So, so we go back to the, to the Sheriff's department. My mom's there waiting , head over for the sexual assault exam at the hospital.

Elizabeth: Which is always fun.

Kara: Right. Like never had a pelvic exam before. So this is my first experience with like full pelvic exam and the fingernail scrapings, like the fingernails scraping was the worst part to me. That's not something that you expect to hurt as bad as it does. And while I'm waiting for the exam is when they bring me the photo lineup and they've identified him and he's obviously gone from the apartment. He's on the run [00:24:00] for two or three days. There's not much that, they know about where he is until his sister more or less assists with setting up a stakeout for him in Sarasota, Florida.

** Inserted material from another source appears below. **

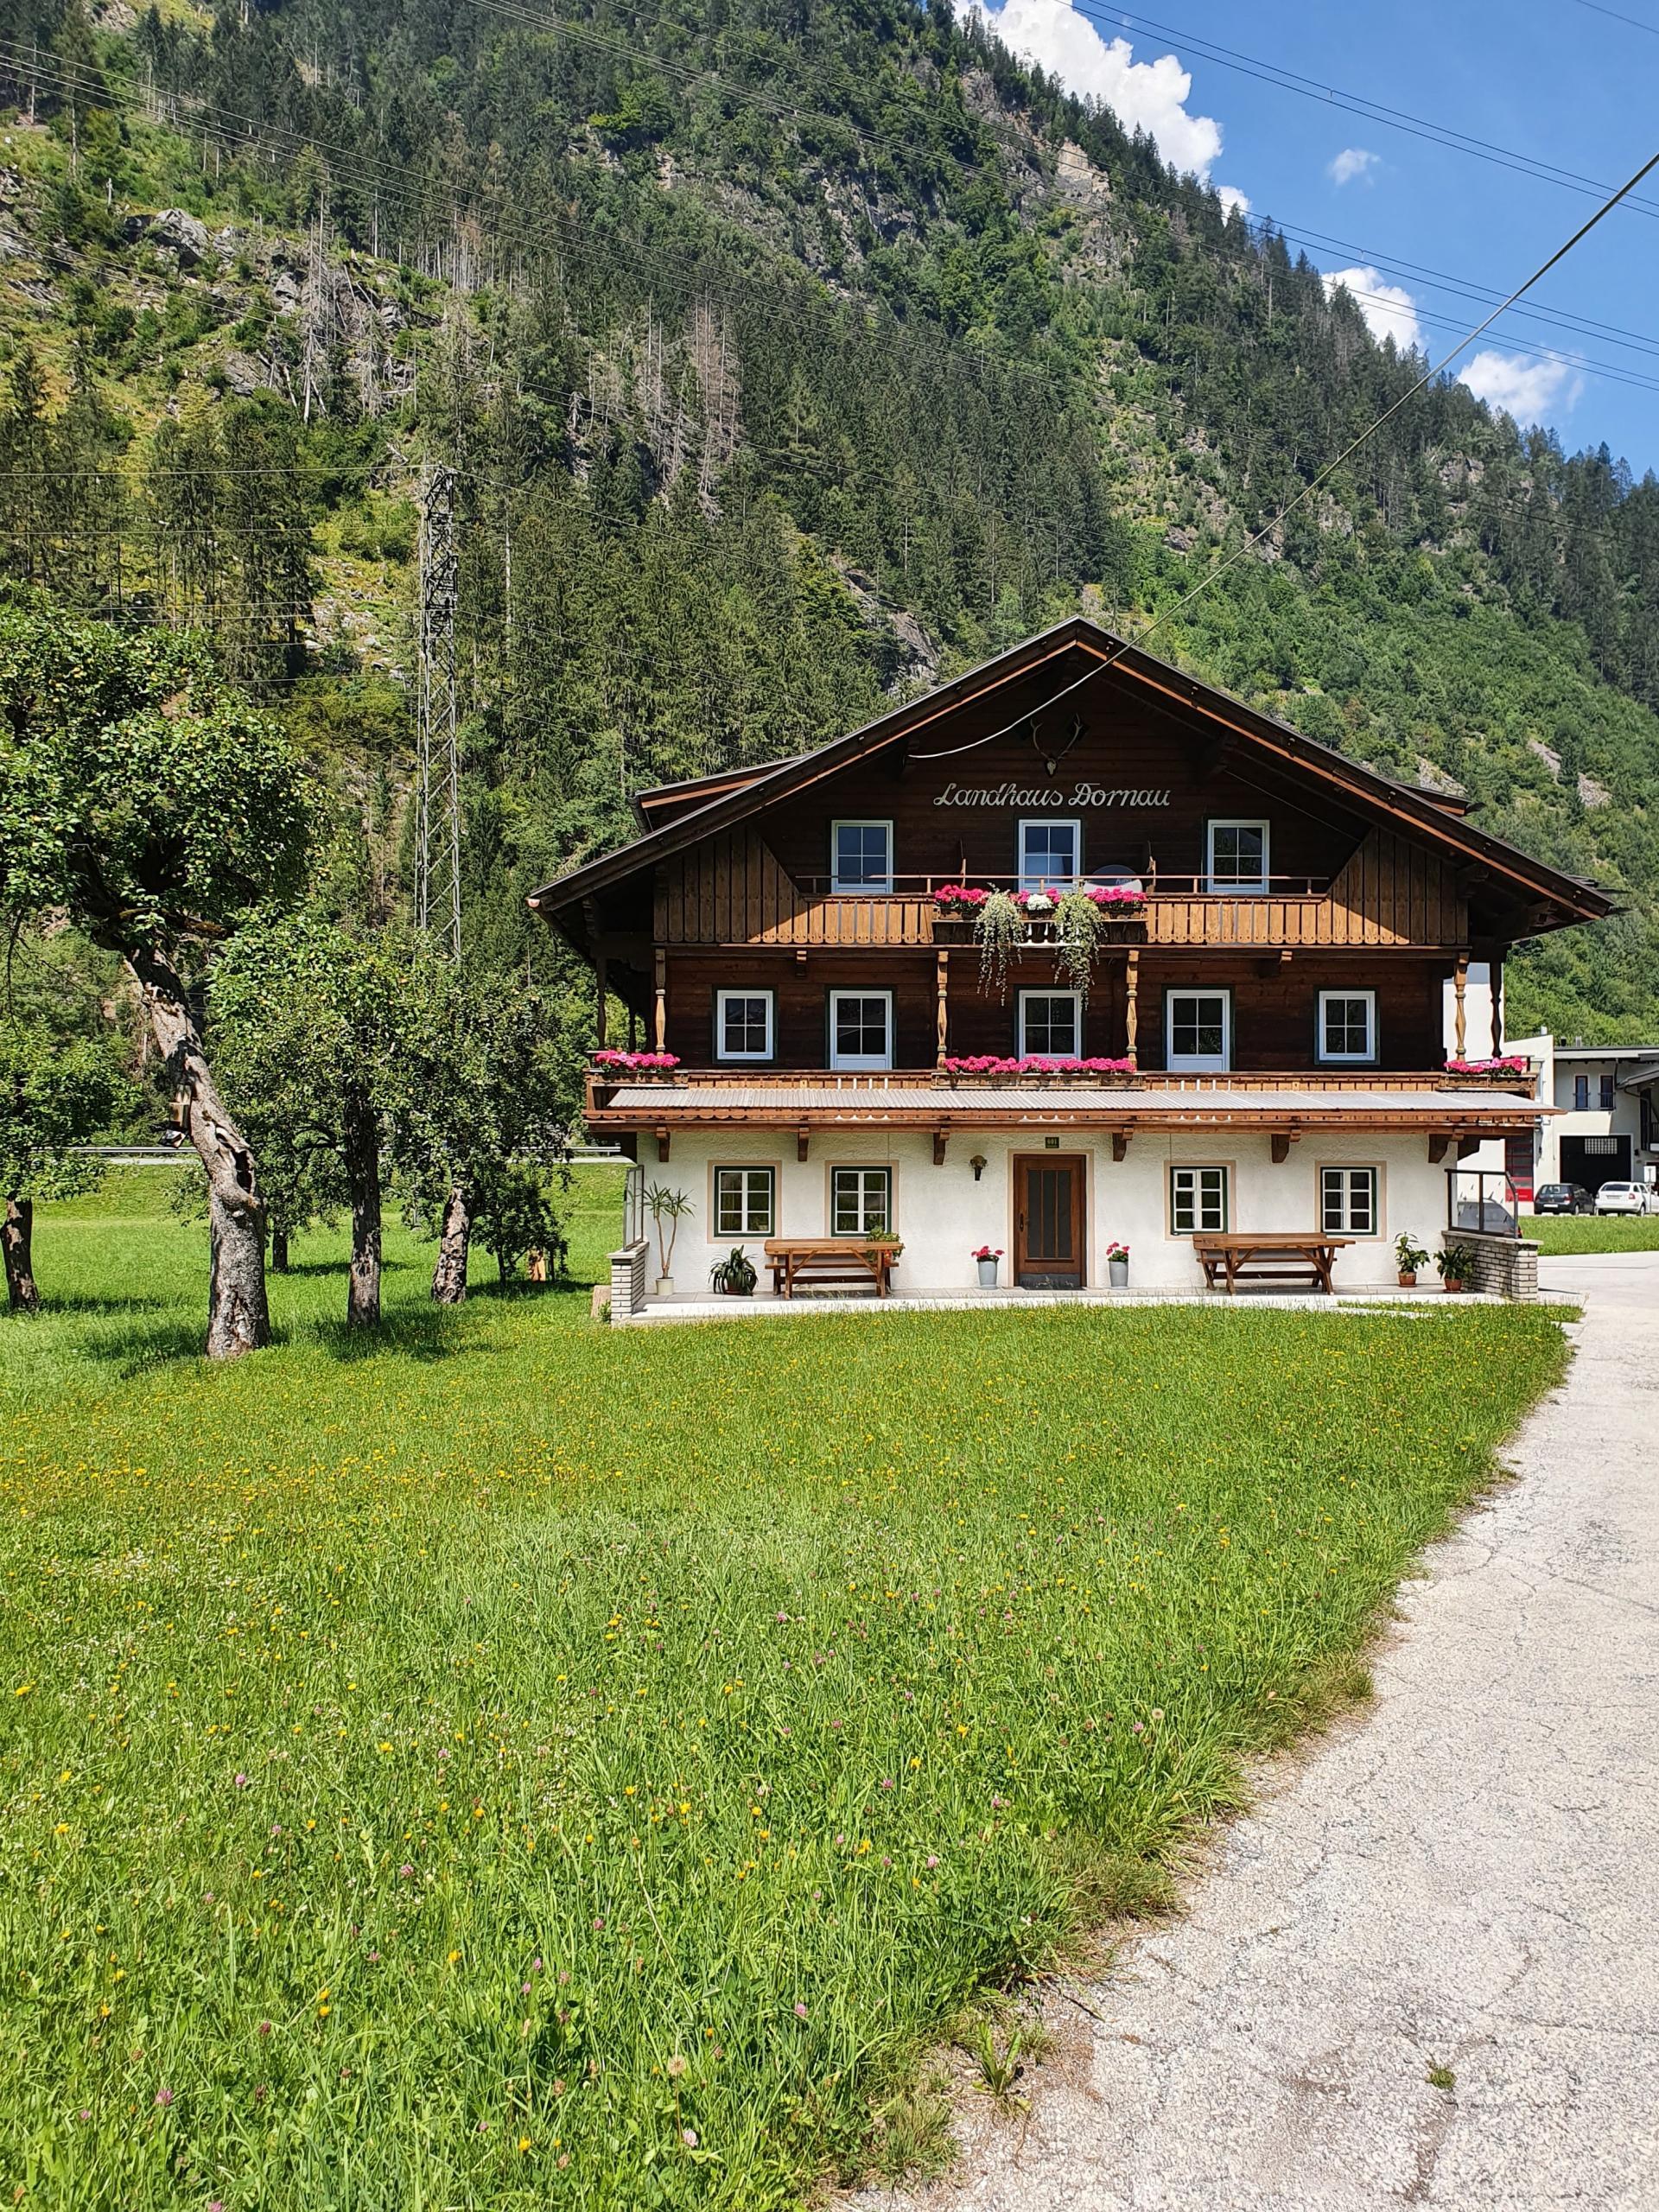 Landhaus Dornau #Willkommen#Bildergalerie

So I was kidnapped from Columbia, South Carolina. So Sarasota, Florida is where his sister lived in Florida. So he was supposed to be meeting her. They set up a stakeout. He sees the police and leads them on a short police chase that ended and then deploying stop sticks. And they, so he wrecked his car. They sent in a canine and the canine bit him. And at some point between the canine biting his leg and biting his arm, he shoots himself right there on the side of the road. So that's where his story ends and more or less where mine begins because they quickly find some evidence in his apartment that leads them to believe that he is responsible for some other crimes.

And it takes a couple of months, but they identify him as the person responsible for the kidnapping and murders of [00:25:00] three girls in Virginia. That's kind of how I got here and how this whole story started.

Elizabeth: I don't know if it's because we've chatted before, but as I'm sitting here listening to you, talk to you, talk through your story again. I'm just sitting there and thinking how, like truly remarkable you are, because as you're talking your way through your story, I'm sitting there thinking my way through my story. And honestly, some of the things that stand out were how calm and collected you were throughout it all. I was in a place of panic and fear and terror.

And yet you were sitting there like memorizing things and trying to remember turns and, paying attention to magnets on the fridge. Who's his doctor. Who's his dentist. You were so collected. I mean, it was, I don't want to say you were born for that because obviously no one is born for that, but [00:26:00] you were so detail oriented.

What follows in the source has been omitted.